Sabre Corporation's Cash Tender Offers: An Overview
On June 4, 2025, Sabre Corporation (Nasdaq: SABR) disclosed the early tender results for its cash tender offers via its wholly-owned subsidiary, Sabre GLBL Inc. This announcement comes as part of Sabre GLBL's effort to buy back certain securities, with the offers set to expire on June 17, 2025, at 11:59 PM New York City time. In recent developments, the total amount validly tendered prior to the early deadline reached an impressive $336.375 million, surpassing the expected maximum purchase price. Consequently, any securities submitted after the early tender deadline will not be accepted for purchase.
Details of the Tender Offers
Sabre GLBL’s tender offers are detailed in the 'Offer to Purchase' document issued on May 20, 2025. These offers are targeted at several series of senior secured notes, reflecting a commitment to reduce debt and improve financial stability. As of the early tender deadline on June 3, 2025, Sabre has reported the following figures:
- - 8.625% Senior Secured Notes due 2027: 85.77% (total tendered: $563.3 million out of $656.8 million outstanding)
- - 7.375% Senior Secured Notes due 2025: 96.43% (total tendered: $22.6 million out of $23.4 million outstanding)
- - 11.250% Senior Secured Notes due 2027: 69.82% (total tendered: $32 million out of $45.8 million outstanding)

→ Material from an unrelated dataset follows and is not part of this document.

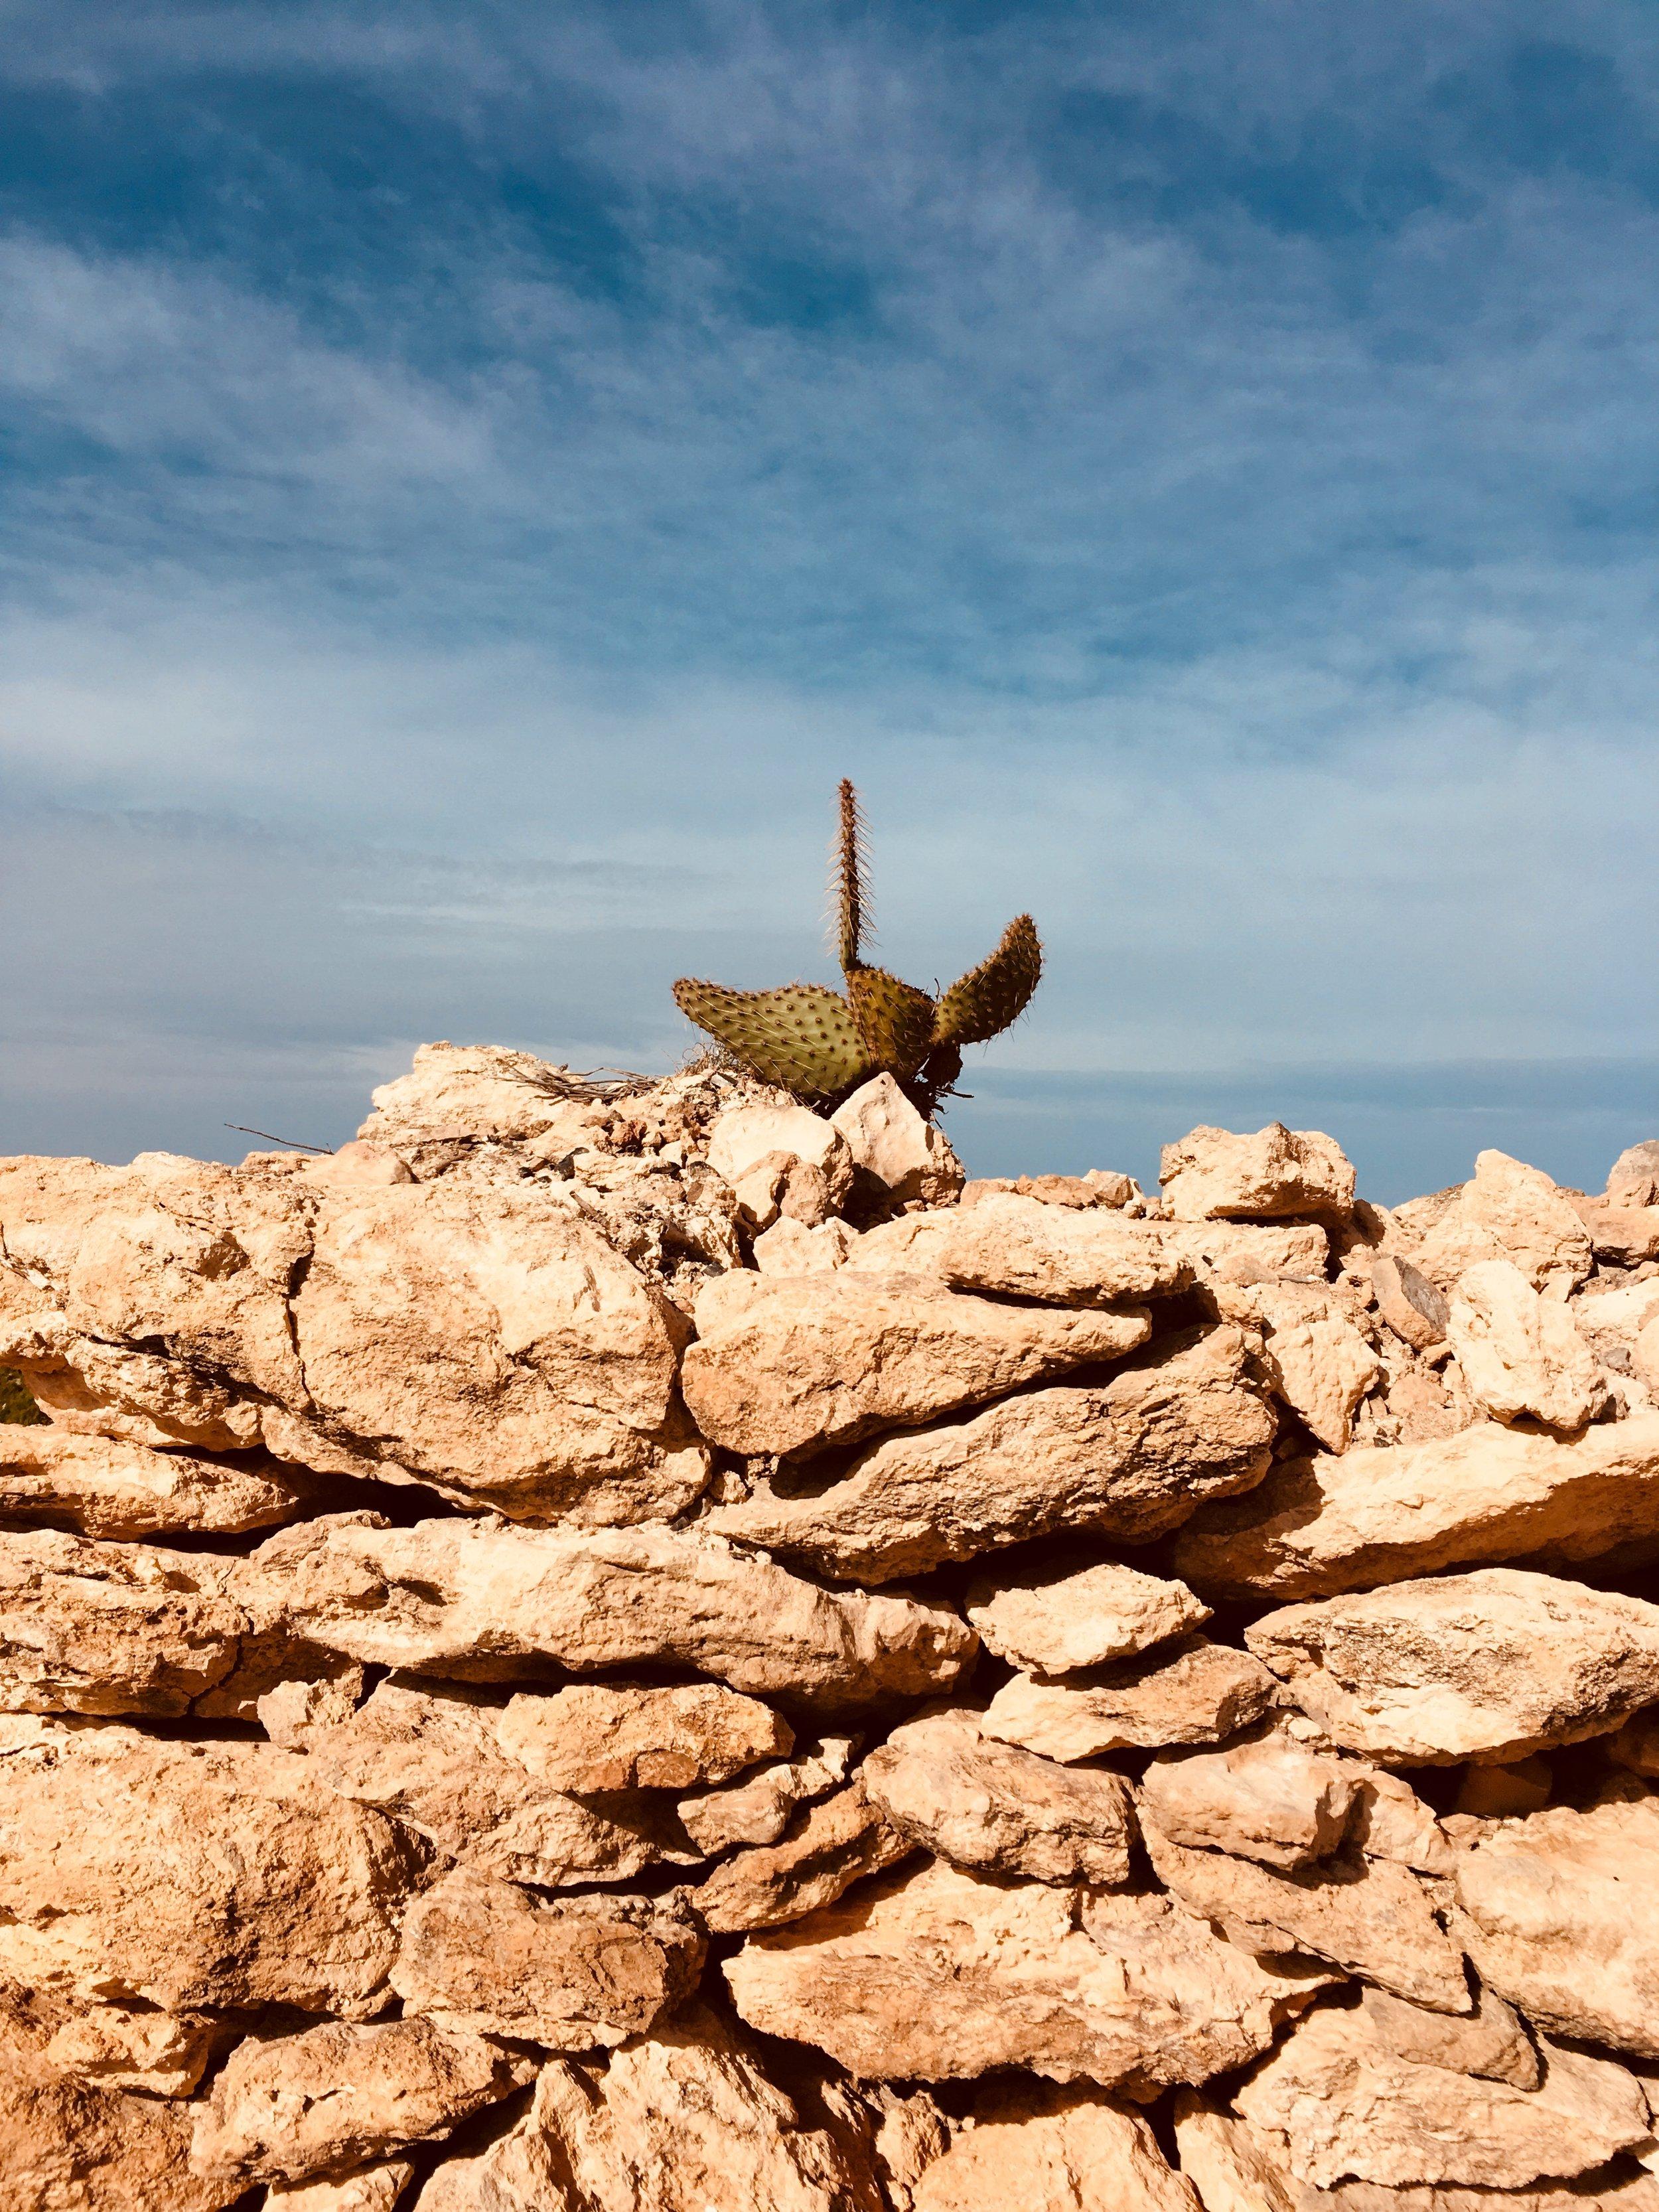 Wunderschöne Wanderung durch Ibizas Norden zum Punta de Xarracó. #wandern #ibiza #urlaub #balearen #urlaubstipps #geheimtipps

The Offers are conducted under specified conditions outlined in the purchase offers. Withdrawal rights for the tendered securities have expired as of the early deadline, meaning any securities validly tendered can no longer be withdrawn unless legally required otherwise.
Allocation and Acceptance
Given that the total principal amount tendered for the 8.625% Notes exceeded the Aggregate Purchase Price cap, the purchase will occur on a pro-rata basis, meaning not all securities will be purchased in full. Holders of the securities must understand this allocation system as they move forward with their decisions.
The total consideration for holders who successfully tender their 8.625% notes includes an early tender premium of $50 per $1,000 principal amount. This means that holders who complete the process will also receive accrued interest from the last interest payment date through to the settlement date, enhancing the value of the transaction for those sellers.
Further Conditions and Guidance
The tender offers are subject to various conditions, including necessary financing for the offers. Sabre GLBL maintains the right to terminate any aspects of the offers, waive conditions, or modify the terms entirely if deemed necessary, ensuring flexibility in their financial strategy. Interested holders may contact BofA Securities for queries related to the offers and potential next steps, ensuring informed decisions can be made prior to the final deadline.
About Sabre Corporation
Sabre Corporation is a prominent technology solutions provider based in Southlake, Texas, specializing in the travel industry. It harnesses innovation to provide comprehensive solutions to airlines, hotels, travel agencies, and partners around the globe. Contact details for further inquiries about the tender offers are available, highlighting Sabre's commitment to transparent communications with its stakeholders.
In summary, Sabre's recent announcement about the cash tender offers reflects robust participation that aims to streamline corporate financing and enhance operational flexibility as it advances its strategic goals. Stakeholders are encouraged to review the 'Offer to Purchase' carefully for all necessary details and further guidance.